Immunodeficiency Flashcards
DiGeorge syndrome
Failure of development of 3rd and 4th pharyngeal pouches, leads to lack of thymus (among other defects), failure in development of T cells
X-linked SCID
Deficiency of common gamma chain (common to ILRs such as IL-2,4,7,9, and 15 receptors). Deficiency prevents T-cells from developing properly (IL-7 required for T-cell development)
Autosomal SCID
RAG (Recombination activating genes) deficiency or ADA (adenosine deaminase) and PNP (purine nucleoside phosphorylase) deficiency preventing proper maturation of T-and B-cells. Loss of RAG prevents proper VDJ rearrangement, loss of ADA, PNP leads to toxic buildup of purine metabolites in developing cells
What is the hallmark symptom in T-cell deficient patients?
Candida albicans (white stuff in mouth of patient)
Bare lymphocyte syndrome
Deficiency of MHC Class II leading to failure of activation of T-cells
Chronic mucocutaneous candidiasis
Failure to develop Th1 responses, mechanism unknown, often seen during pregnancy
X-linked hyper-IgM syndrome is caused by a CD40 ligand mutation. In this case what cells can helper T-cells not properly activate?
Macrophages and B-cells
Name how glucocorticoid administration affects counts of: neutrophils, lymphocytes, eosinophils, monocytes, and basophils
Increases neutrophil count but decreases all the others. Values return to normal levels after about 24 hours
X-linked agammaglobulinemia (give cause, pathology and result)
B-cell Tyrosine Kinase (BTK) deficiency prevents proper maturation of B-cells, leads to pyogenic infections
Does removal of the spleen affect the T-cell response, B-cell response, or both?
Mainly the B-cell response
List 5 disorders you can get with failure of complement and the deficiency that causes each
Immune-complex deficiency (C1, C2, C4), Angioedema (C1 inhibitor), Recurrent pyogenic infections (C3, Factors H and I), Recurrent Neisseria infections (C5-C8, properdine, Factor D), asymptomatic (C9)
Leukocyte Adhesion Deficiency (LAD-1)
Mutations in selectins or integrins, preventing leukocytes from properly being slowed and extravasating
Chronic granulomatous disease can reflect a mutation in what?
Mutation in phagocyte oxidases, failure to kill phagocytosed microbes leading to granuloma formation
Serum Ig levels in ADA and PNP deficiencies
ADA deficiency - Decreased Ig levels, PNP deficiency - normal serum Ig levels (both deficiencies cause SCID however)
What is WASP and what does it do?
Wiskott-Aldrich synthetic protein. Binds adapter molecules and cytoskeletal proteins, deficiency leads to failure of T-cell development
Ataxia-telangiectasia
AR disorder with deficiency in cell-mediated immunity and IgA and IgG2. Caused by defect in DNA repair during VDJ recombination
What is the hallmark sequela of ALPS?
Autoimmune Glomerulonephritis (overactive immune system attacks kidney)
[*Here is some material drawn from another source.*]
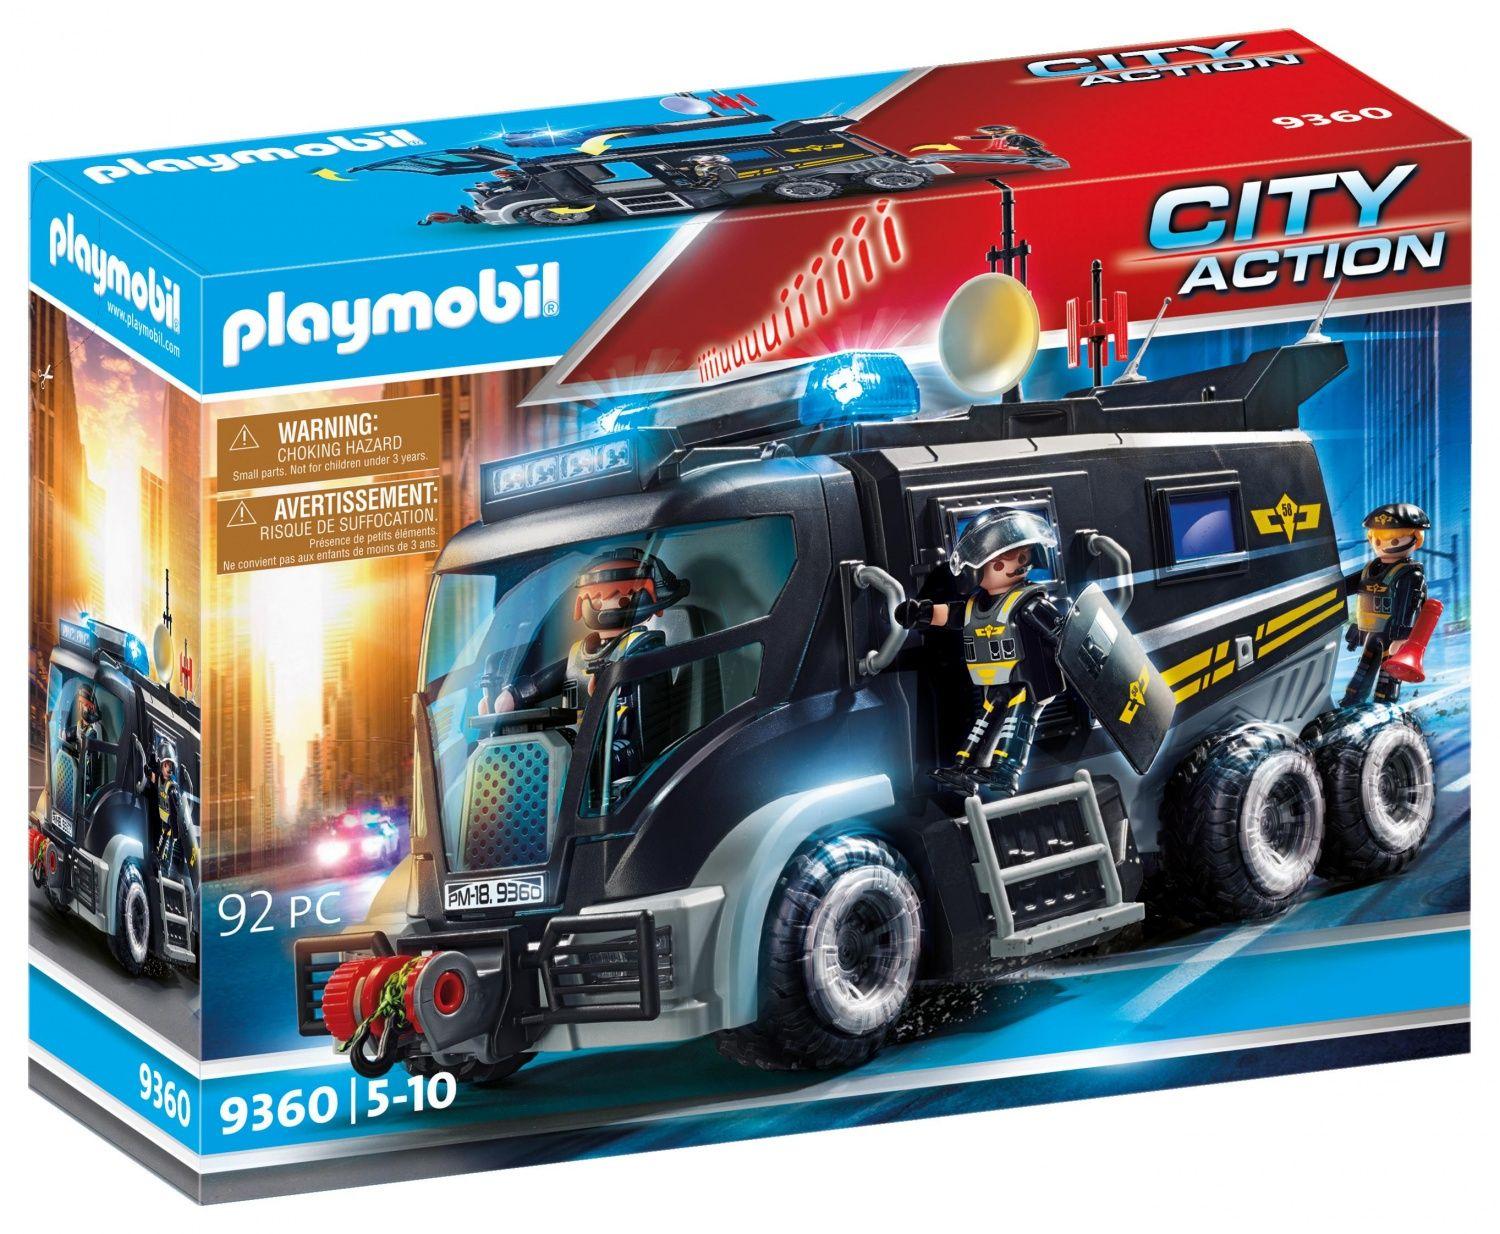 Playmobil 1.2.3 : Policier / Bateau PLAYMOBIL : Comparateur, Avis

What type of immunity is compromised by severe burns and multiple trauma?
Innate immunity
Chronic renal disease is asssociated with decreased migration of what type of cell?
Neutrophils
Besides HIV, what is another virus which greatly suppresses the immune system?
Measles
What is the most common Ig isotype deficiency?
Selective IgA deficiency (is most comon immunodeficient disorder)
Pts with selective IgA deficiency often develop what type of hypersensitivity disease?